16. Having said that this is a case in which technically no fault could be found with the assessing officer, we feel that there was an element of impropriety in his action in issuing the garnishee order under section 226(3) on 17.2.2014, the very day on which he rejected the stay application filed by the petitioner under section 220(3). It is expected of him, having rejected the stay application, to wait for a reasonable period before he takes coercive steps to recover the amounts since the petitioner, faced with an order rejecting the stay application, may need some time to make arrangements to pay the entire tax demand or come up with proposals for paying the same in instalments. That opportunity was not afforded by the assessing officer in the present cases.
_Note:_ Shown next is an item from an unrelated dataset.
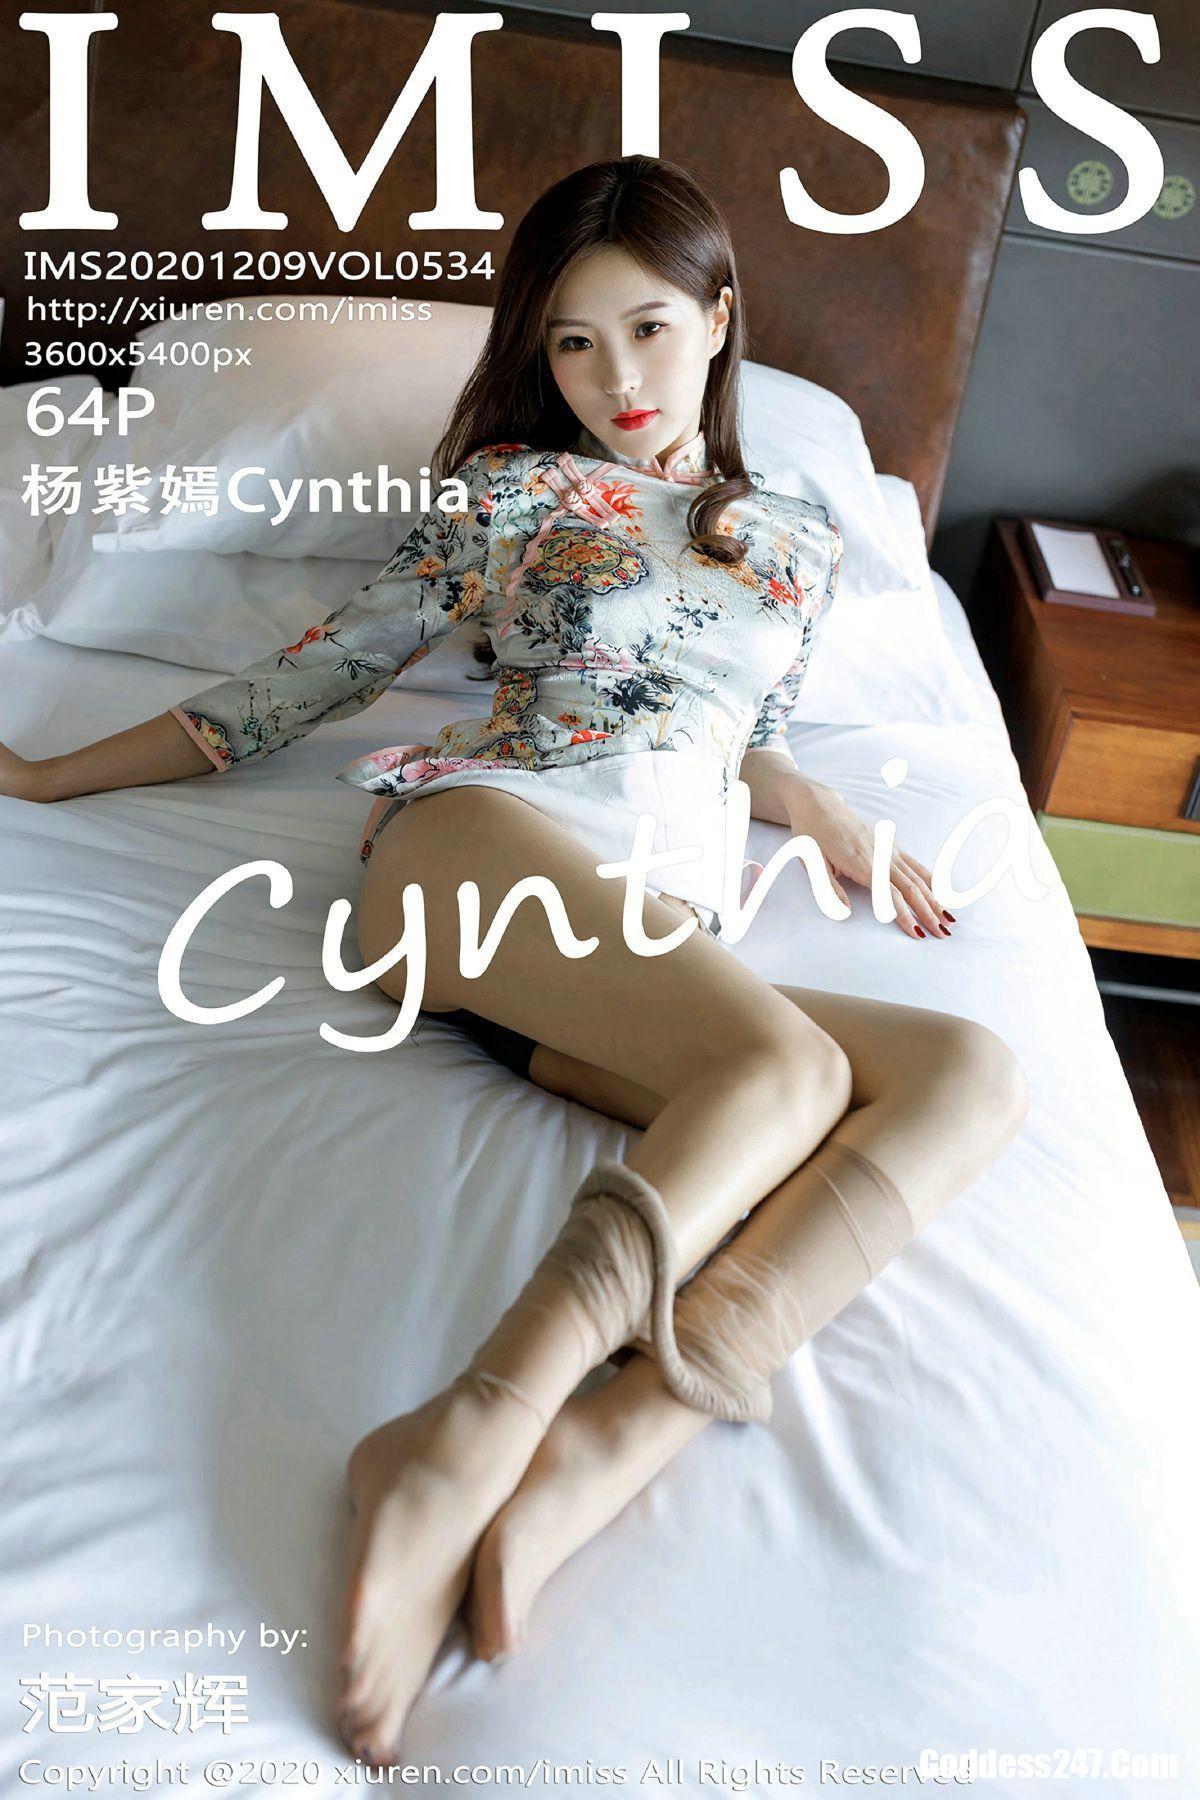 IMiss爱蜜社 Vol.534 杨紫嫣Cynthia
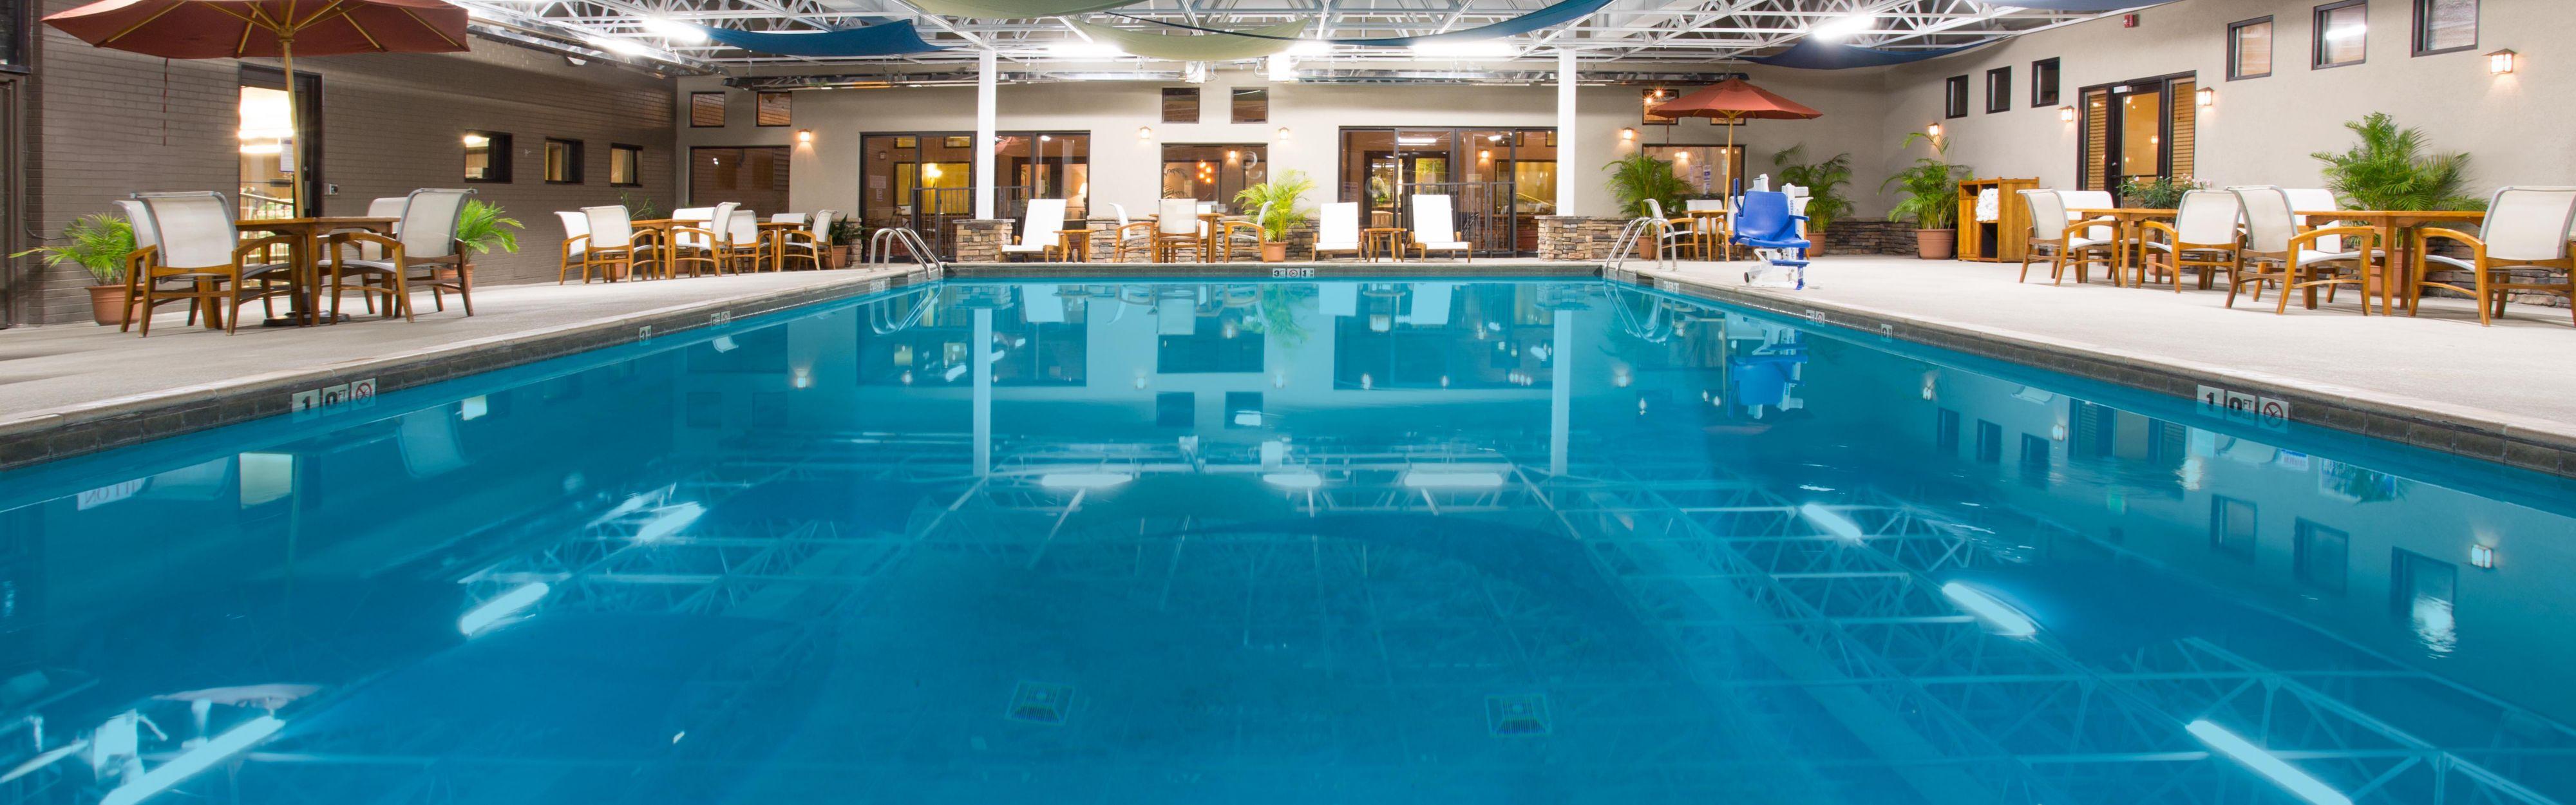 Enterprise Rent A Car Holiday Inn Denver

The assessing officer is a prospector of the revenue and he is no doubt expected to protect the interests of the revenue zealously, but such zeal has to be tempered with the rules of fair play and an anxiety to ensure that a opportunity is not lost to the assessee to make alternative arrangements for clearing the tax dues, once the stay applications filed under section 220(3) are rejected. Taking away the amount of Rs.43.87 crores from the bank account of the petitioner may perhaps not be legally faulted, but taking into account the haste with which the assessing officer acted in the present case it seems to us that there was an element of arbitrariness in the action of the assessing officer. In our opinion, since the stay applications filed by the petitioners are pending before the Tribunal, the more appropriate course would be to issue the following directions :
(a) the assessing officer shall reverse the amount of Rs.43.87 crores recovered from the bank account in Citi Bank and credit the same in the account of the petitioner;
(b) the petitioner however will not be entitled to draw from the said bank account any amount that may reduce the balance in the account to an amount below Rs.43.87 crores – in other words the petitioner shall maintain a balance of Rs.43.87 crores in the said account;
(c) the Income Tax Appellate Tribunal, Delhi Bench before which the appeals and stay applications are pending is directed to hear the stay applications on 28.2.2014 (Friday) and pass such orders thereon as it may think fit after hearing both the sides;
(d) the parties shall abide by the orders passed by the Tribunal; and
(e) respondents shall not take any coercive steps to recover the tax till the Tribunal disposes of the stay applications;
(f) the appeals filed by the assessee before the Tribunal shall be disposed of as expeditiously as possible.
The writ petitions are disposed of in the above terms with no order as to costs.